The burro smiled at him, and he saw blood on those wide yellow teeth.

"Sure, boss...Just...Enjoying lying down is all..."

Bullshit, your legs are broken, I can see it from here.

He heard Arlen calling out then, and twisted around...The carnage behind him didn't phase the stag, though he was sure he'd be dreaming about it later. With a wince of pain, he moved, and knew by the grinding sensation that his splint would need to be re-done. The pain was intense enough that he could just ignore it, with the proviso that he be careful not to let himself get shocky.

Rene groaned in the seat behind him, and pushed one of the two wolf girls, trying to get her off of him. The one up against the wall was clearly at best unconscious, her head bloody from impact and glass. The other wolf was stunned and woozily trying to move off the hare.

"Sitrep!" Buck dug out his field officer roar, the best one he could, and was happy it instilled him with discipline. Good to know, he supposed, he still had the voice of authority he'd relied on all those years ago.

Arlen's voice came back, though it was muffled.

"Pinned...Nfh...Gimme a sec..." A groan of metal sounded from back there, as the big muscular beast of a warrior flexed himself and heaved, forcing his body against the collapsed bus pieces all around and above him.

"A...Alive...Th-thnk I'm fine..." Rene sounded hurt, but Buck knew better than to think he'd be a problem. The hare was a pro, even if he was a bit bi-polar sometimes. If his wounds were bad, he'd say so.

Lamia was calling out what he assumed were similar orders, and receiving far fewer responses than he'd like. The mouse started calling out names, sounding more and more upset with each one, as she pulled herself upright in the tipped bus, standing partly on the floor and partly on the side of a bloody seat cushion.

Zebra joined her in calling out, in Bosnian, and managed to slowly lever himself upright with muscular arms bearing most of his weight braced against the boarding stair's rail. Buck, meanwhile, tested his leg by putting it against the crumpled divider in front of him and pushing.

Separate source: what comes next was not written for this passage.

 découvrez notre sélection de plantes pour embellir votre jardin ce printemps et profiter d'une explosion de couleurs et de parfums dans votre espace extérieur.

Stars shot through his vision and he grunted in pain, gritting his teeth.

Shit.

He heard a groan of fatigued metal, and a squeal of tearing aluminum, then heard the tiger talk again, sounding labored and winded.

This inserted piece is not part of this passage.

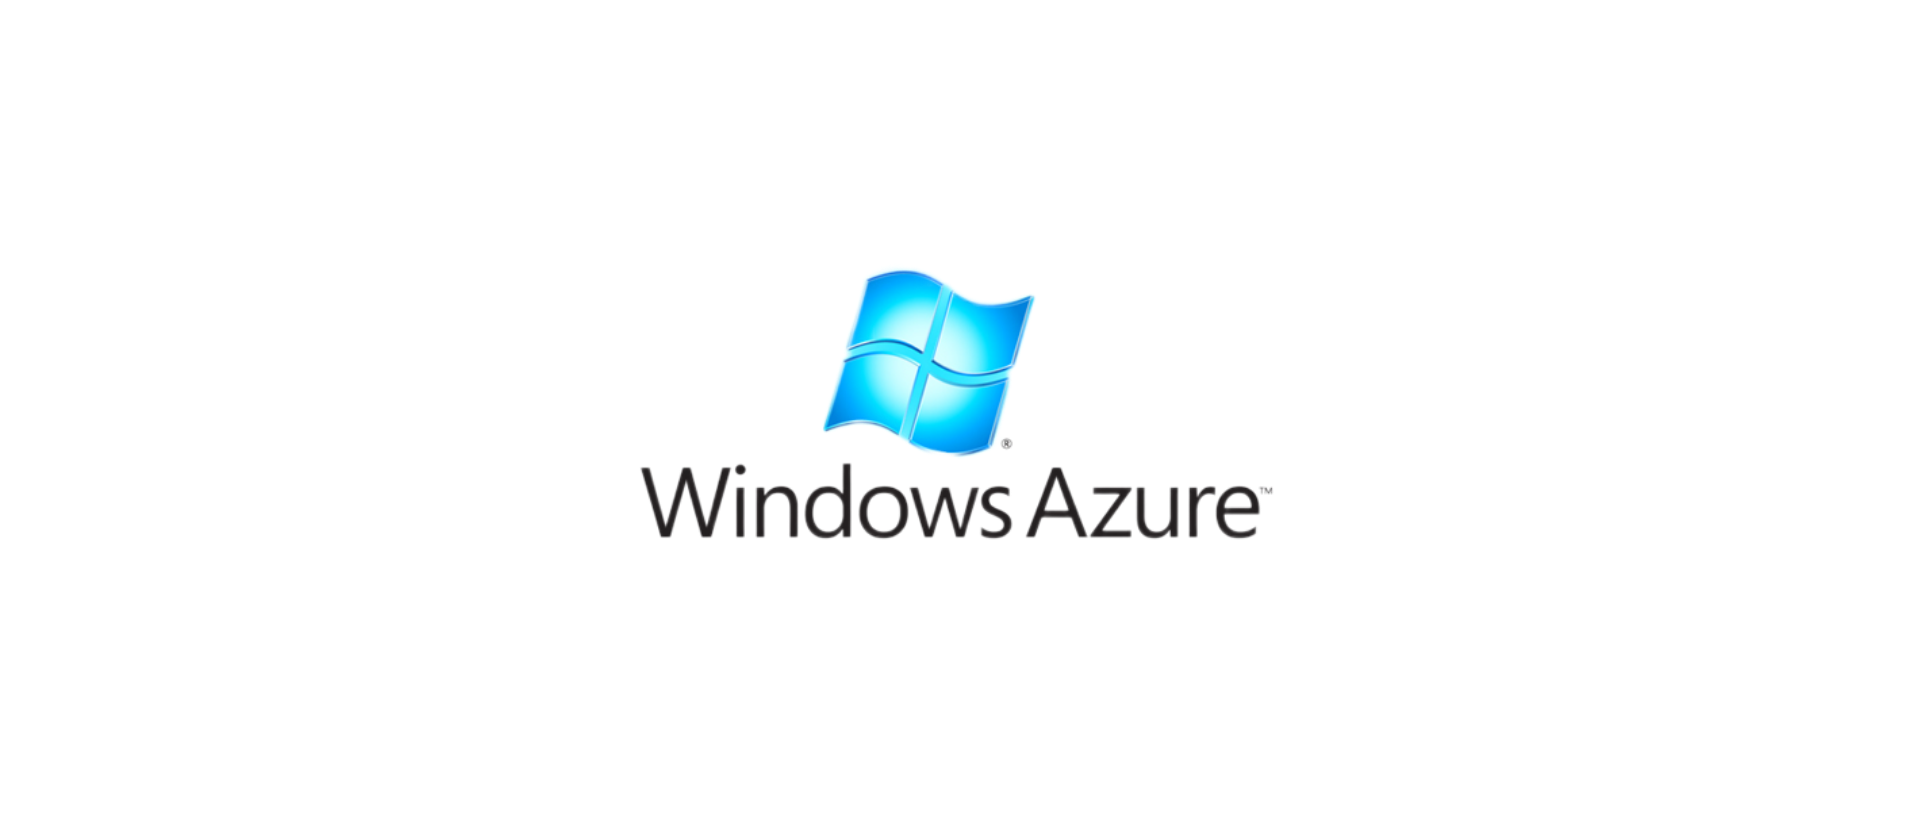 抖音、快手等短视频里反复出现的声音是怎么来的？微软出品的免费AI语音合成平台Azure。-www.131417.net

"I'm...Mmf...Free. Got a lotta...Uhf...Casualties back here..."

Buck winced inwardly and grabbed Lamia's arm hard to get her attention. The mouse turned her head towards him, and he spoke slowly in the hopes she'd understand him.

"We can't stay. Serbian soldiers will be here soon to check for us. Gather up the ones who can walk and have them carry the ones who can't. Understand?"

The girl stared into his one open eye for a long few seconds. Hers looked glassy, a little shocky, but after that pause they hardened up, she nodded, and then started barking commands.

Arlen limped up to them then, carrying a wounded child over each shoulder. When he saw Buck's face, he grit his jaw but made no comment.

"Boss, you should try to get the kids out of here. I'll stay back and slow pursuit down."

Buck glared up at him, and thrust his big paw out, grabbing the unbalanced tiger by his Kevlar and yanking him down till they were snout to snout, the blood from his wounded eye dripping between them.

"Fuck you and your heroics, I need you carrying kids!"

The tiger's stare wasn't angry at his words. There was no rage there at all, and in that instant Buck knew the tiger was probably the only one of them thinking close to straight. Arlen spoke back in a low tone so others couldn't hear over the groaning of the bus's door being broken open and the cries of injured children coming back to consciousness.

"Don't worry, Captain. You didn't give me orders to get killed, so I won't." The tiger smirked and hefted one of the hurt kids onto Buck's lap. "Besides...I owe these motherfuckers for hurting my friends."